Project 9
STAT 605: Advanced Statistical Computations
David B. Dahl
Spring 2010
Self-Directed Project
This is a capstone project that seeks to build on the skills gained throughout the semester by having you work on a topic of your choice.
There are three variants of the project. Choose one.
You are strongly encouraged to work in teams of two or three, in which case only one project is submitted per team.
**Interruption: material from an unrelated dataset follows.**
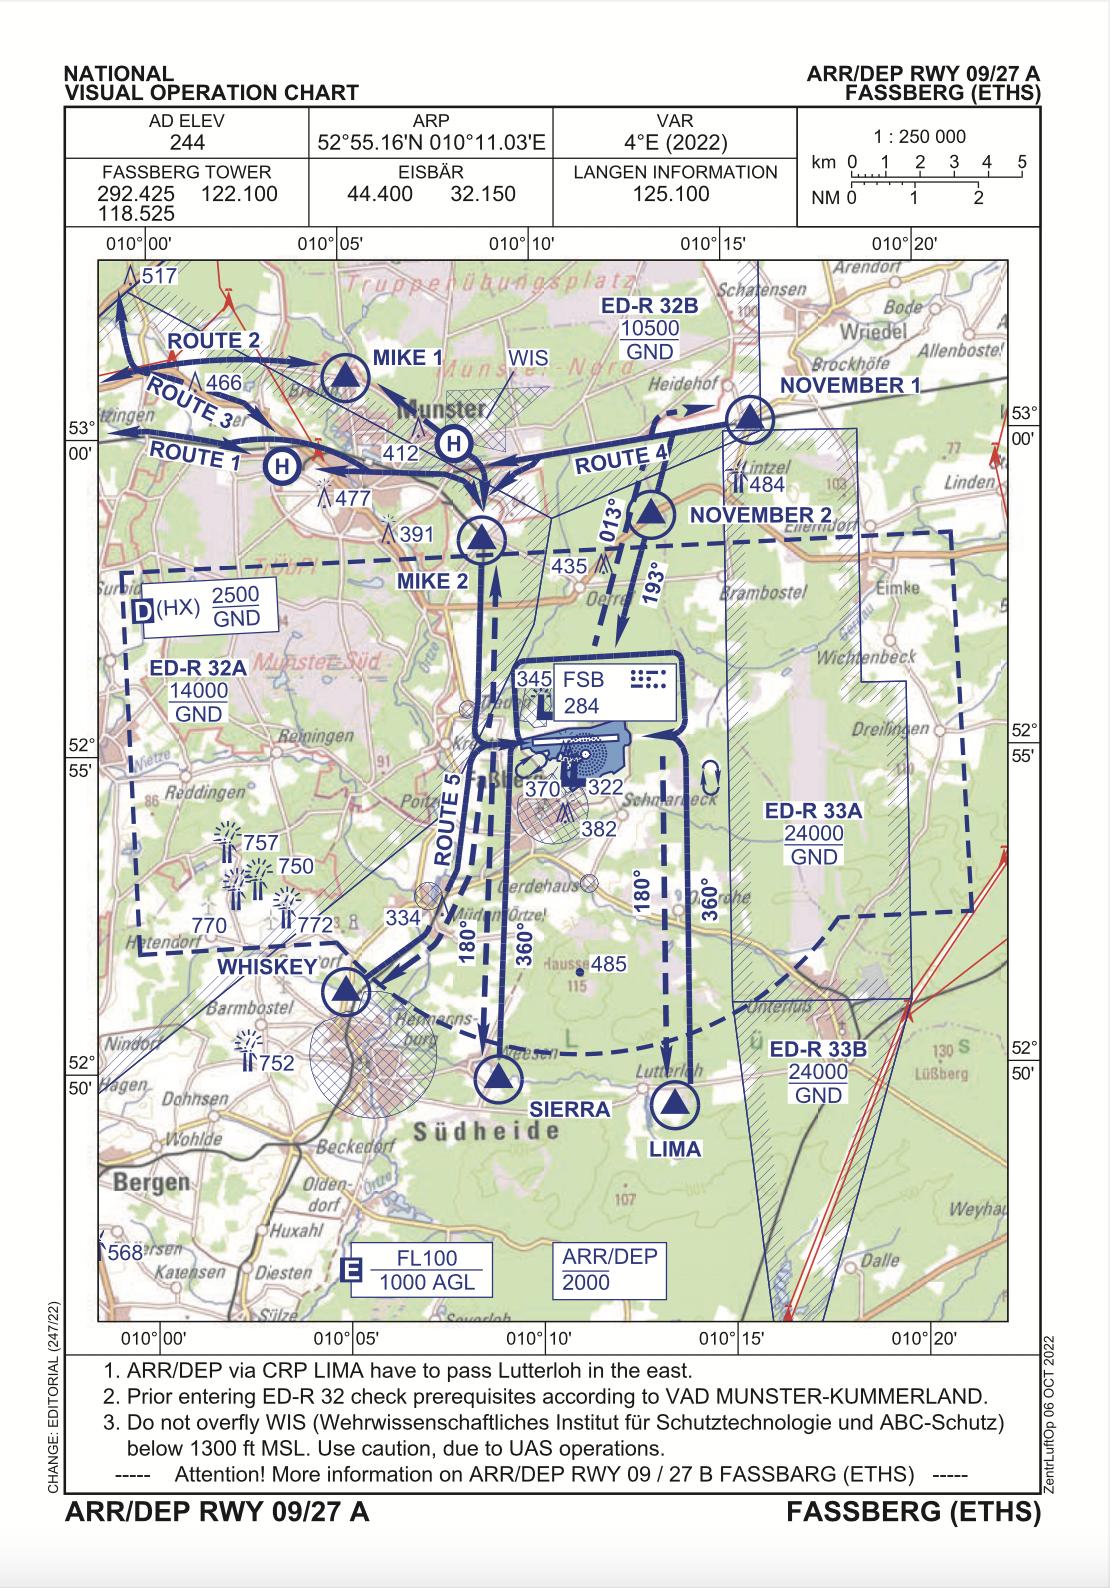 ETHS - Visual Operation Chart - 1

- Software: This version of the project consists of designing, coding, testing, and documenting statistical software. You can work on a new project, add to existing statistical software, or provide functionality to non-statistical software that would be useful to statisticians. You can choose whichever programming language is most appropriate for the project including low-level languages (Fortran, C, C++, Java, etc.) as well as high level languages (R, Ruby, Matlab, Python, SAS, vim, bash, etc.). My recommendation would be to use a high-level language if you are not already familiar with low level languages. The scope of the project is wide open. As you think about what project you might choose, consider some examples of the types of projects that might be appropriate:
- An R package that:
- Performs a statistical analysis (preferably one that is not currently implemented). See the
http://cran.r-project.org/web/packages/CRAN website for a list of packages done in the past.
- Produces HTML and LaTeX tables from objects in R. See the http://cran.r-project.org/src/contrib/Descriptions/xtable.htmlxtable package.
- A Ruby package that:
- Implements some statistical methodology such as linear models and/or generalized linear models, etc.
- Provides functionality useful for statisticians.
- Provides from interactive data analysis similar to that of R.
- Software that integrates two environments. See, for example:
- Software that integrates R and Python. See http://rpy.sourceforge.net/RPy, for example.
- Software that integrates R and Ruby. See http://rinruby.ddahl.org/RinRuby, for example.
- Software that facilitates the use of R in some way. See http://sourceforge.net/projects/npptor/, for example.
- A library written in C to performs some statistical calculation:
- http://www.stat.tamu.edu/ aredd/tamuanova/TAMU ANOVA: ANOVA Extension to the GNU Scientific Library
There is a tendency to embark on a project that is too ambitious. I would rather see a straight forward project done well than a grandiose project that is not fully completed. Also, project that are unique are preferred to those that merely reimplement existing software.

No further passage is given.